Uber: Win for the riders, loss for the drivers



Uber just completed 2 billion rides on July of 2016 internationally, proving as consumers’ best friend when it comes to transportation.

To the majority of the Trojans, Uber is an excellent app.

Thanks to the recent program between USC and Uber, the Trojans have been saving money and going home safely after late excursions.

Proving how Uber is the students’ beloved smartphone app, the recent findings in Uber demand curve shows how Uber service is more beneficial to the customers than the drivers and the company itself.


Uber, Steven Levitte (author of Freakonomics), and other researchers mapped out Uber demand curve to investigate the impact Uber has brought to the consumer welfare. If the researchers were to map demand curve for regular transportation service, it could have been harder because there is more than one factor. For the transportation service like Taxi, the price may be affected by not only the supply of the drivers but also by the weather, time of the day and other competing services. Different from aforementioned factors affecting transportation demands, Uber’s metrics are unique in two folds: 1. Uber records every occasion where a customer declines the offered price with regular factors such as the time, place, price, and a surge factor; 2. Uber rounds up or down to one decimal place the surge factor it generates to determine how much to charge customers for a given trip.

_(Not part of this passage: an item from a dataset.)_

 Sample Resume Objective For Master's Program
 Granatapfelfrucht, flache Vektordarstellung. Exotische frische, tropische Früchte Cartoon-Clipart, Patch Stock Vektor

The Study looked into 48 million ride interactions over the first 24 weeks of last year from Uber’s four biggest U.S. markets: New York, San Francisco, Chicago, and Los Angeles. According to the data, the customers follow through 62% of the time without surge pricing (which is almost 80% of the time), and 39% when the surge is above 2 (3.5% of the time). The demand did not match the price. In simple economics, the demand should be high as the supply is scarce; however, the Uber data shows the opposite. As shown in the graph, the demand decreased by 40% as the price doubled.

On the conclusion of the study, the authors stated that Uber demand curve is highly inelastic and made $6.8 billion consumer surplus last year alone. This surplus is twice greater than how much the drivers were paid and six times what Uber itself earned last year. This may be a good news for the college students whose goal is always to save money, but it is clearly not a great news for Uber which has lost $1.2 billion in the first half of 2016.